Description of the task :: Retype the data that follows line by line, exactly, and leave its pictures out.

Given data ::
┌──
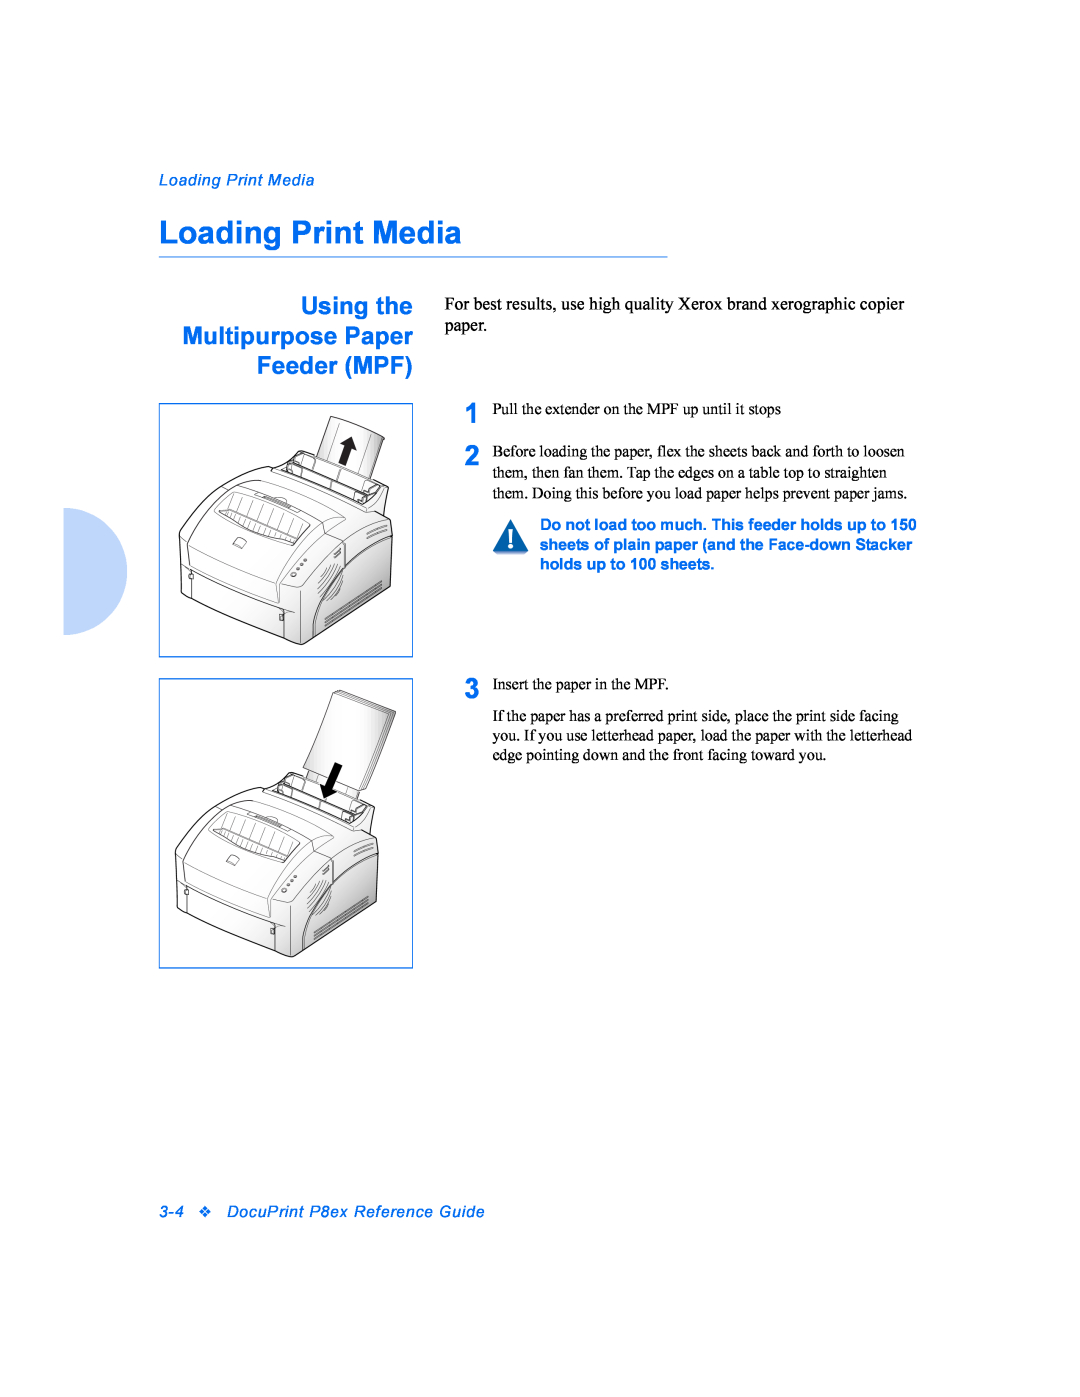 Xerox manual Loading Print Media, Using the Multipurpose Paper Feeder MPF, 3-4DocuPrint P8ex Reference Guide 
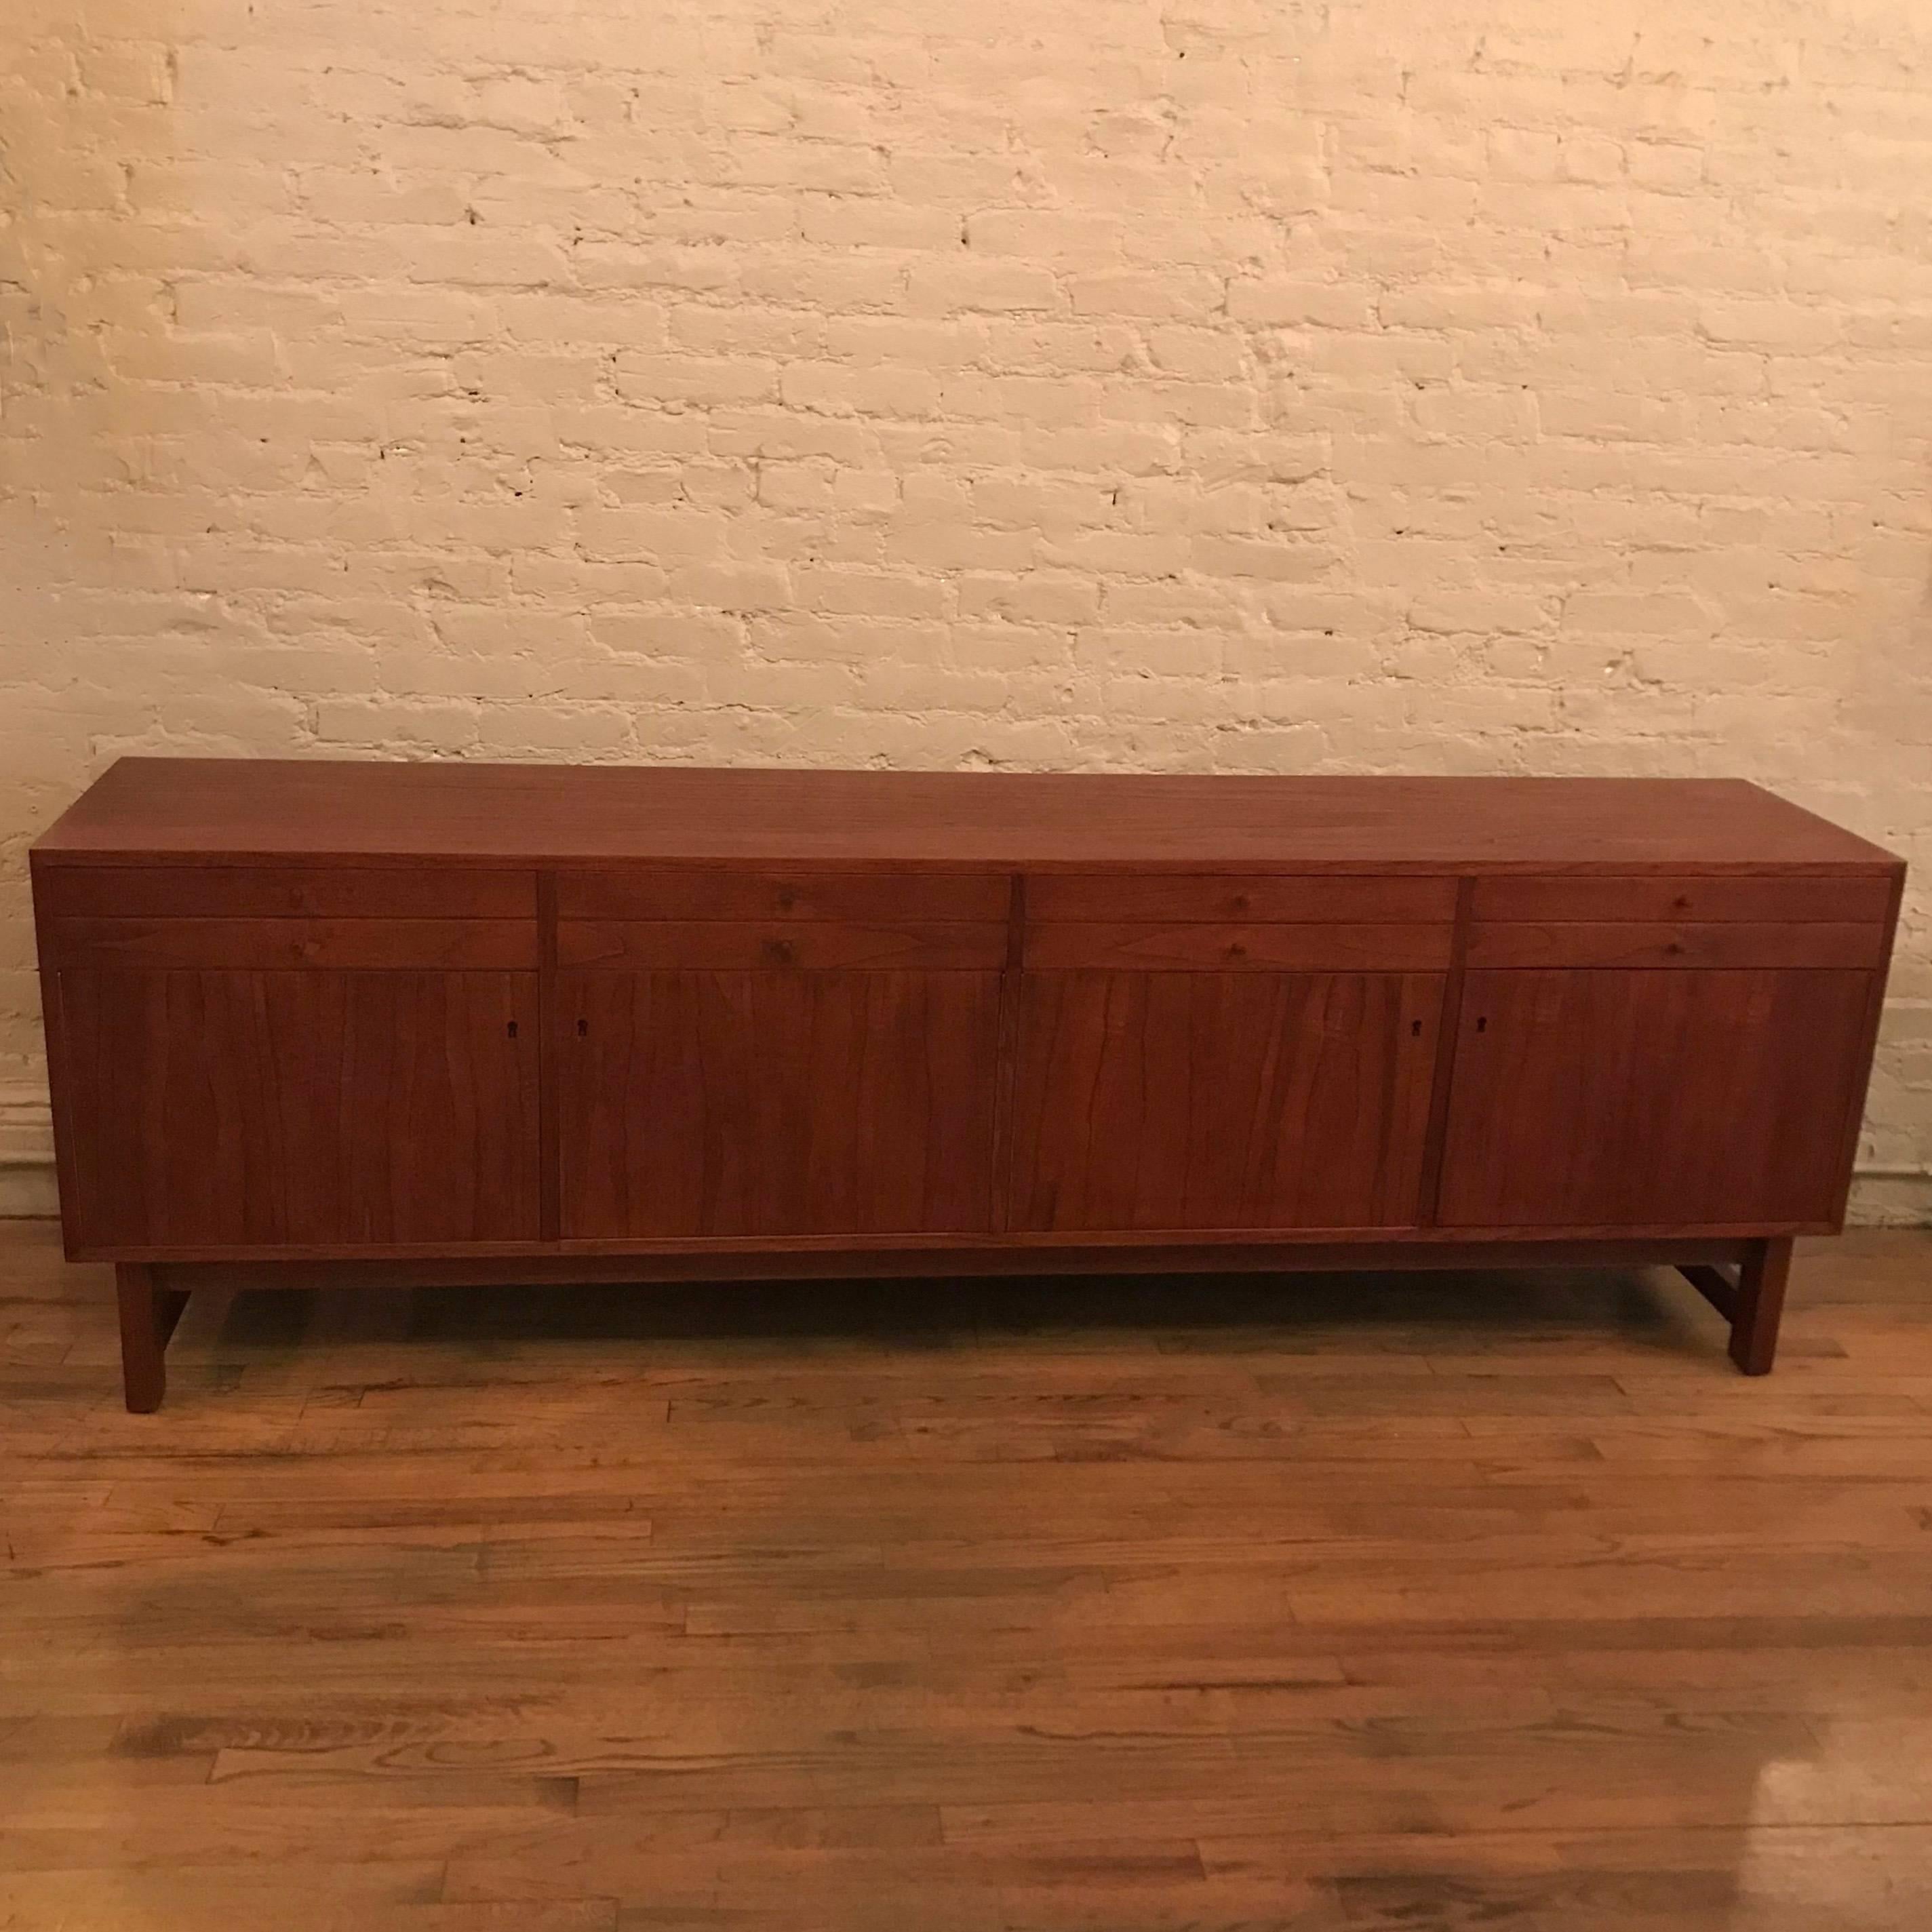 Scandinavian modern, teak credenza or sideboard made in Sweden features top drawers with tubular pulls and lockable cabinets below.
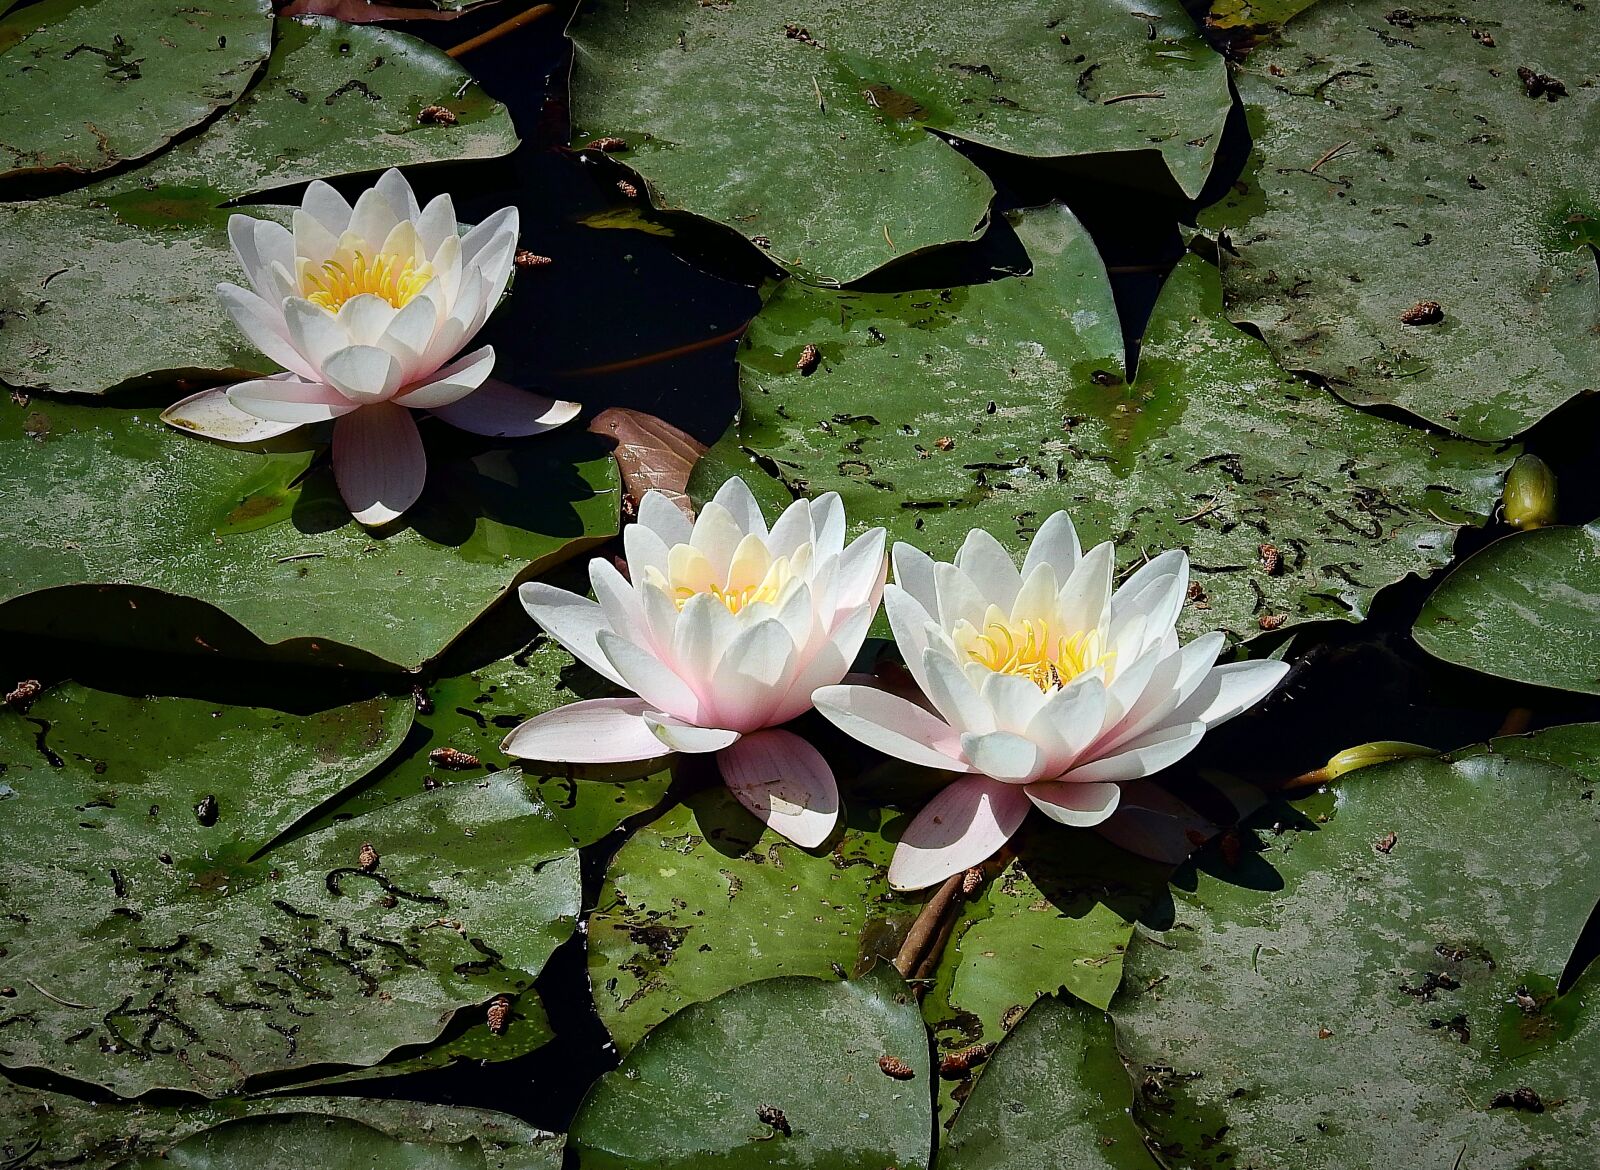 Nikon Coolpix P900 sample photo. Water lilies, the beauty photography
└──
Result of this exercise ::
 Xerox manual Loading Print Media, Using the Multipurpose Paper Feeder MPF, 3-4DocuPrint P8ex Reference Guide 
 Scandinavian modern, teak credenza or sideboard made in Sweden features top drawers with tubular pulls and lockable cabinets below.
 Nikon Coolpix P900 sample photo. Water lilies, the beauty photography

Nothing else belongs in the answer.